PAOLO VENEZIANO
(b. before 1300, d. ca. 1360)

The Crucifixion

c. 1340
Tempera on panel, 31,8 x 37,5 cm
National Gallery of Art, Washington

The poet Petrarch called Venice "a world apart." Protected by a bewildering network of canals, the city naturally turned to the sea and, in the thirteenth and fourteenth centuries, commanded an extensive empire in the eastern Mediterranean. When Venetian commercial interests diverted the Fourth Crusade from the Holy Land to loot the riches of Byzantium instead, many Greek artists were forced to find work in Italy.

That the city remained tied to its Byzantine traditions is evident in the work of Paolo Veneziano, the first Venetian artist we know by name. If he was aware of the more naturalistic styles of his contemporaries in other parts of Italy, he chose not to emulate them. This painting's small size and arched shape suggest that it might have originally crowned a larger panel in a multipart altarpiece. Paolo's style is essentially Byzantine, with ethereal figures and flat gold backgrounds. But his form -- the altarpiece -- is a Western one.

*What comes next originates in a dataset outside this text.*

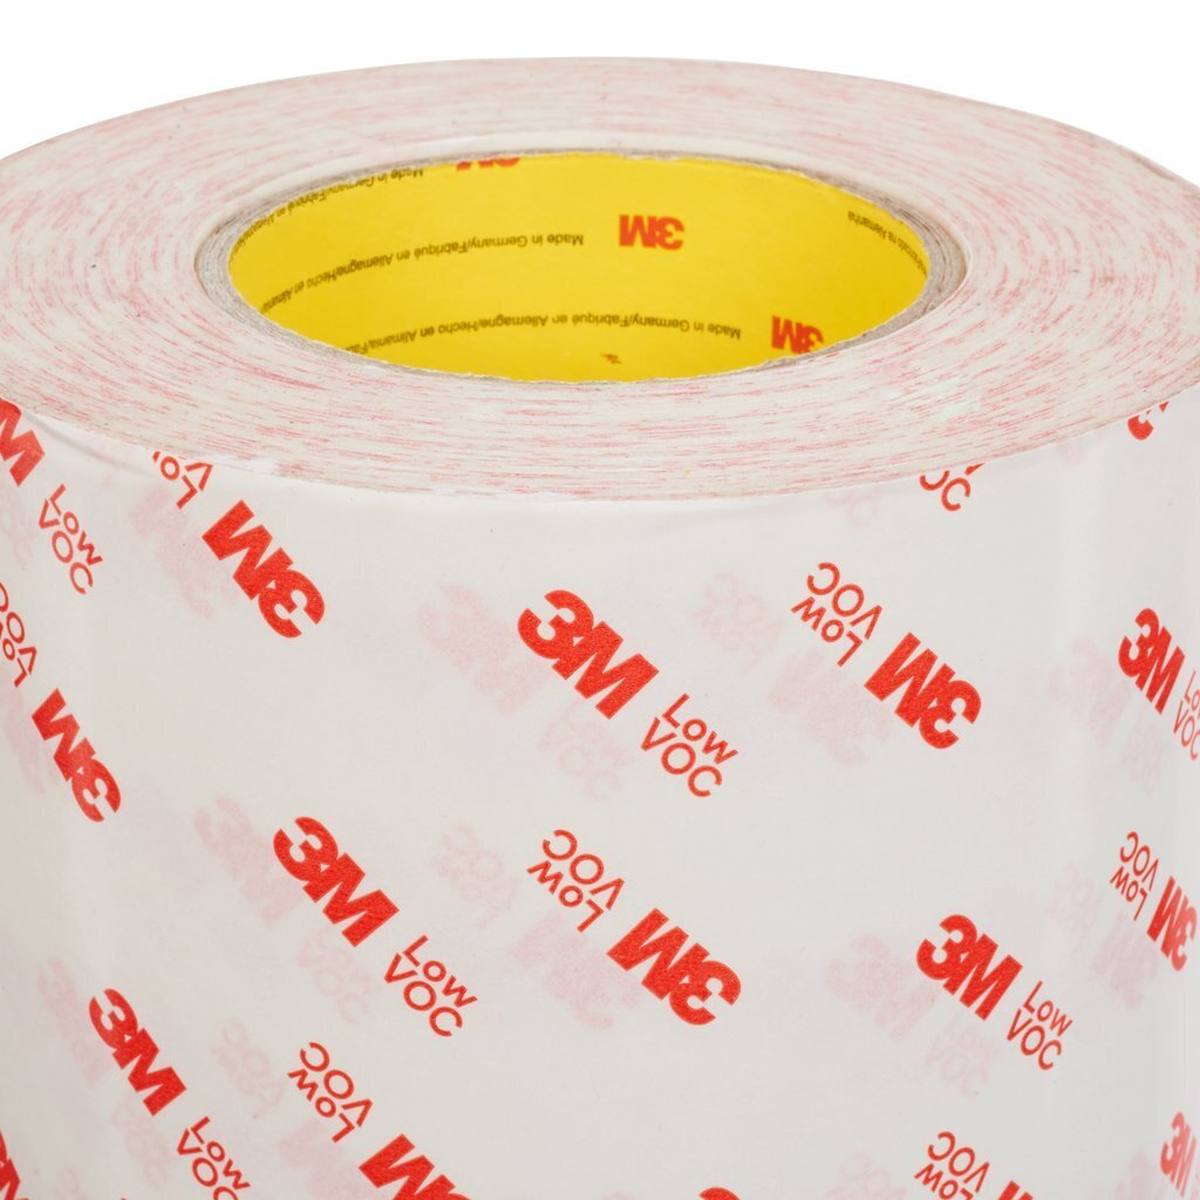 3M Double-sided adhesive tape with non-woven paper backing 99015LVC, white, 12 mm x 50 m, 0.15 mm
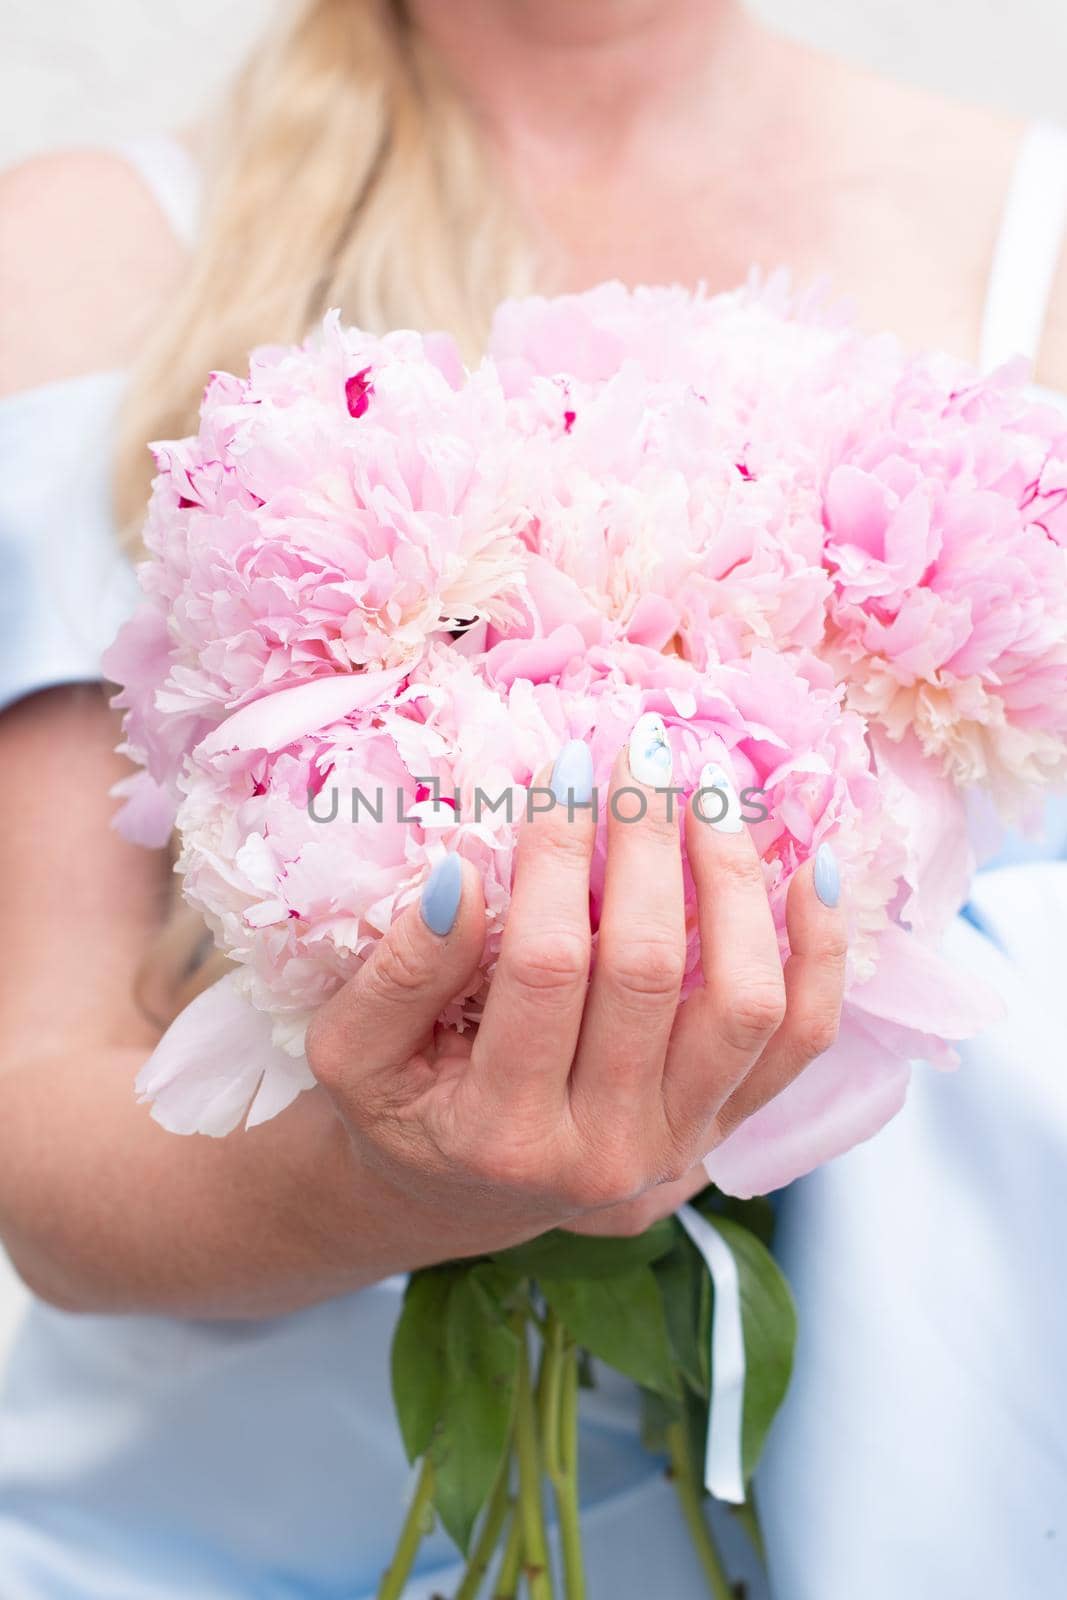 bride in a blue wedding dress with a bouquet of pink peonies, pastel paradise by KaterinaDalemans

Paolo's Coronation of the Virgin also is part of the Gallery's collection. The subject of the Coronation was not painted by Byzantine artists and seems to have originated near Paris in the twelfth century. This may be the first such scene painted in Venice. Its strong colors and brittle figures seem almost abstract, a sense increased by the gold striations of the drapery: even without Byzantine models to follow, Paolo's painting has a strong Byzantine character.